Moon (stylized as MOON) is the fortieth single released by Japanese singer-songwriter Koda Kumi. Much like her past summer single "Freaky" and "4 Hot Wave", Moon carried four songs. It charted at No. 2 on Oricon and stayed on the charts for nineteen weeks. It was released in CD and CD+DVD editions, with the limited editions of both versions carrying an alternate rendition of "Moon Crying".

==Information==
Moon is Japanese singer-songwriter Kumi Koda's fortieth single. It charted at No. 2 on the weekly Oricon Singles Charts and remained on the charts for nineteen weeks.

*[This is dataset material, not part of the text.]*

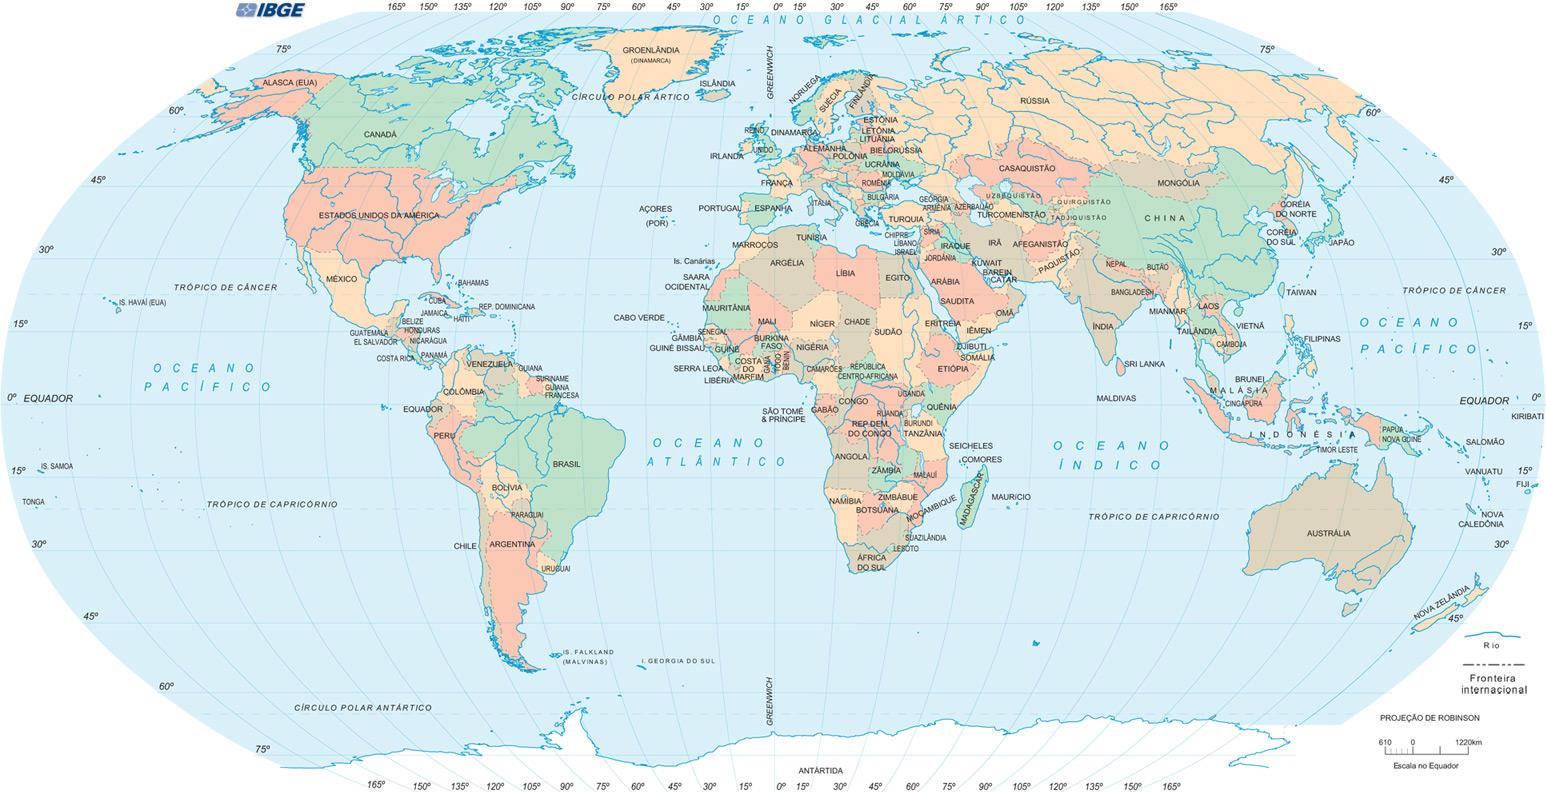 La cara oculta del sol i el c dice voynich for Mapa del mundo decoracion

The single became Kumi's first to be released after the controversy in late January of that same year. On January 30, Kumi made an inflammatory statement on All Night Nippon when asked about whether or not she wanted her then-manager to have children, whereas her manager had just gotten married. She had responded, "When women turn 35, their amniotic fluid goes rotten, so I hope they have a child before then." Her website had been shut down with a letter from Kumi posted on the page, apologizing for her remark. Due to the controversy, it was speculated that any following singles would not chart well, if she chose to continue releasing music.

Kumi had gone to say how the song's lyrics and overall tone were written as an apology and to reflect how much she had regretted the statement.

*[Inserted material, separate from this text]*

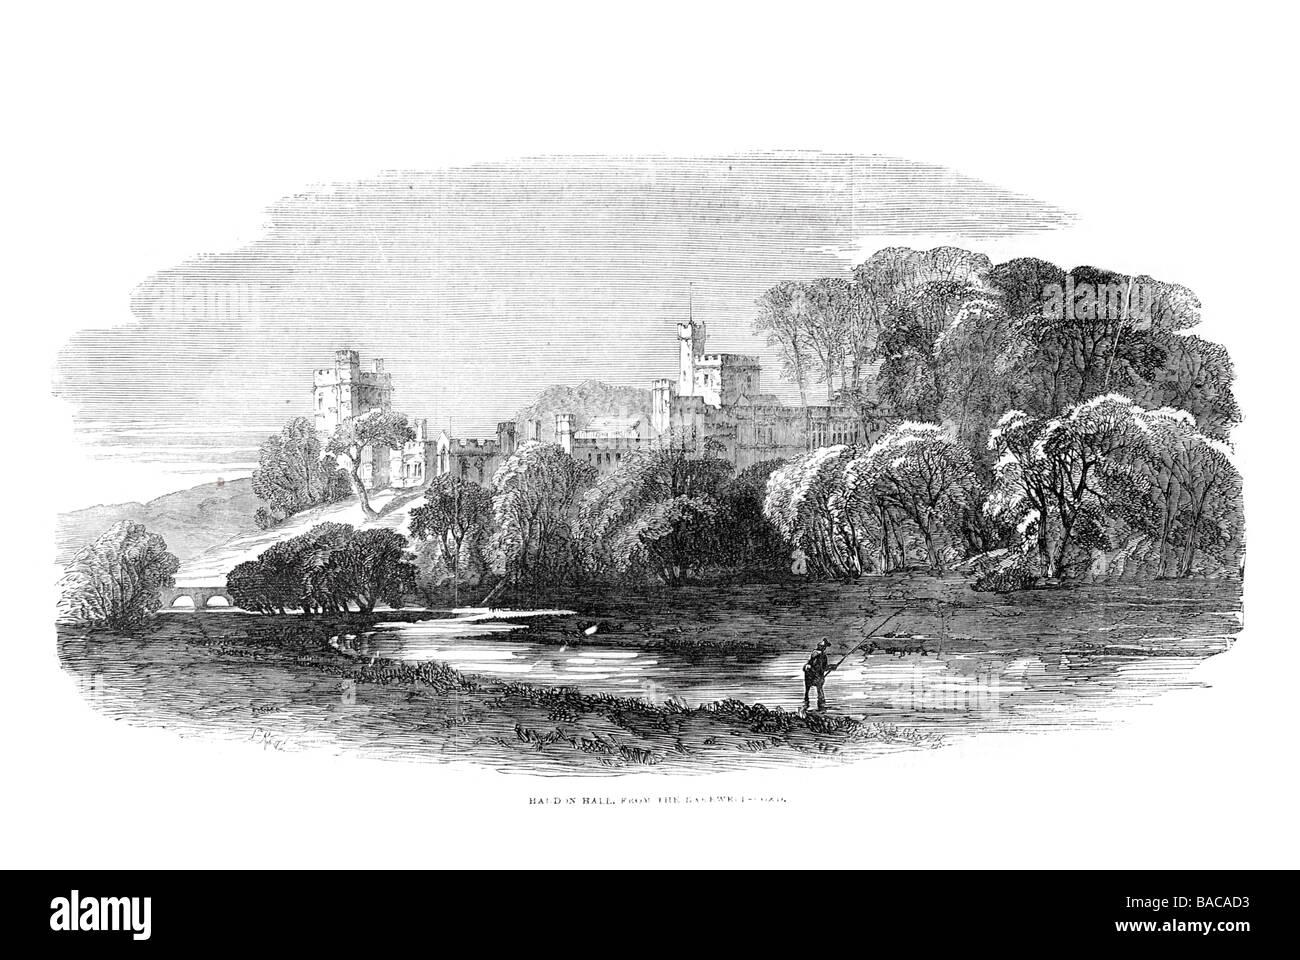 haldon hall 1854 river fishing castle fort Exe Estuary Lawrence Castle Lawrence Castle prominent position hills - Stock Image

The single continued on with the theme of releasing a summer single with four songs, following "4 Hot Wave" (2006) and "Freaky" (2007). However, although the single carried four different musical tracks, it was only a double A-side with music videos only being released for "Moon Crying" and "That Ain't Cool".

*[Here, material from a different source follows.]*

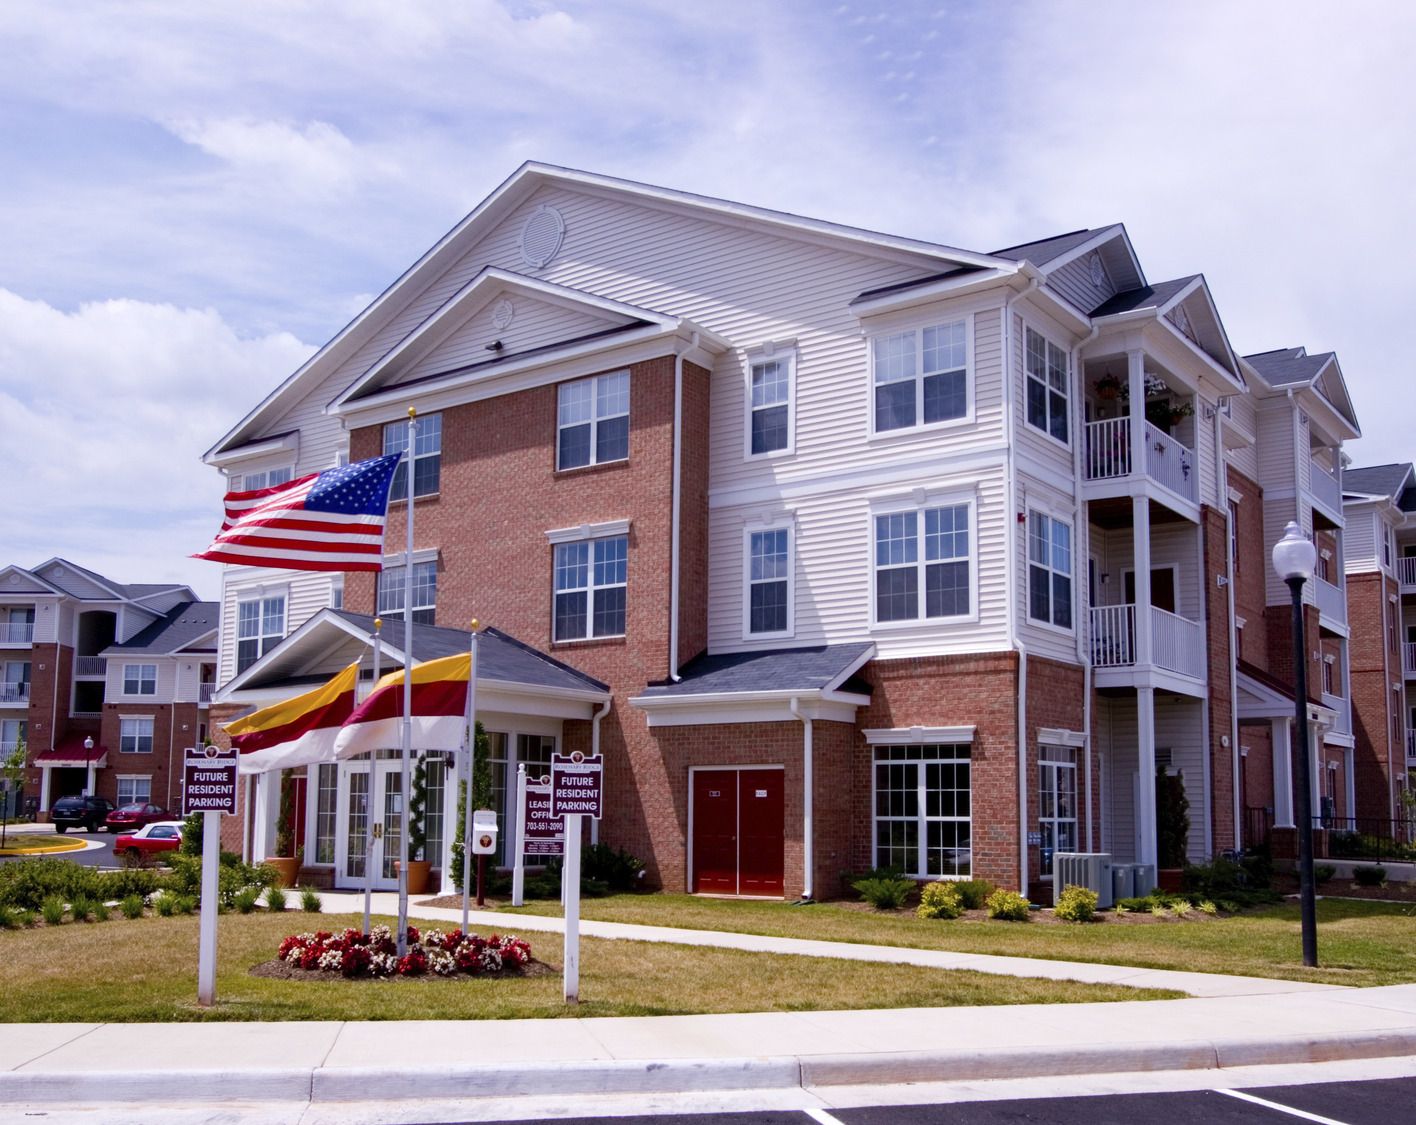 CBG builds Rosemary Ridge Apartments Phase II, a 184 Market-Rate Apartments in Manassas, VA

For "Moon Crying", Kumi worked closely with musical composer h-wonder. The two had worked together several times in the past, beginning with her debut single Take Back in 2000.

"That Ain't Cool" featured American singer-songwriter Fergie from the hip hop/pop group Black Eyed Peas. Although both Kumi and Fergie were listed as the writers for the song, the song was mainly written by Fergie, who presented the song as a gift to Kumi upon meeting the artist.

Moon is certified Gold by RIAJ for shipment of 100,000 copies. It is her last single to pass the 100,000 mark in Oricon sales to date. Moon Crying was certified triple platinum for 750,000 downloads in January 2014.

==Promotional Advertisements==
"Moon Crying" was used as the theme song for the TV Asahi drama Puzzle (パズル / PAZURU).

"Lady Go!" was used as the promotional song for KOSEs "Glamorous Hunter" under the Visée line.

==Packaging==
Moon was released in both CD and CD+DVD, with limited editions of both.

- CD: contains eight musical tracks.
- CD [Limited Edition]: contains nine musical tracks.
- CD+DVD: contains eight musical tracks, two music videos and two making videos.
- CD+DVD [Limited Edition]: contains nine musical tracks, two music videos, two making videos and the "live version" of Moon Crying.

Limited editions contained an alternate piano arrangements of "Moon Crying" on the CD and a live version of "Moon Crying," which was performed on May 15, 2008, during her Kingdom tour performance at Yoyogi National Gymnasium.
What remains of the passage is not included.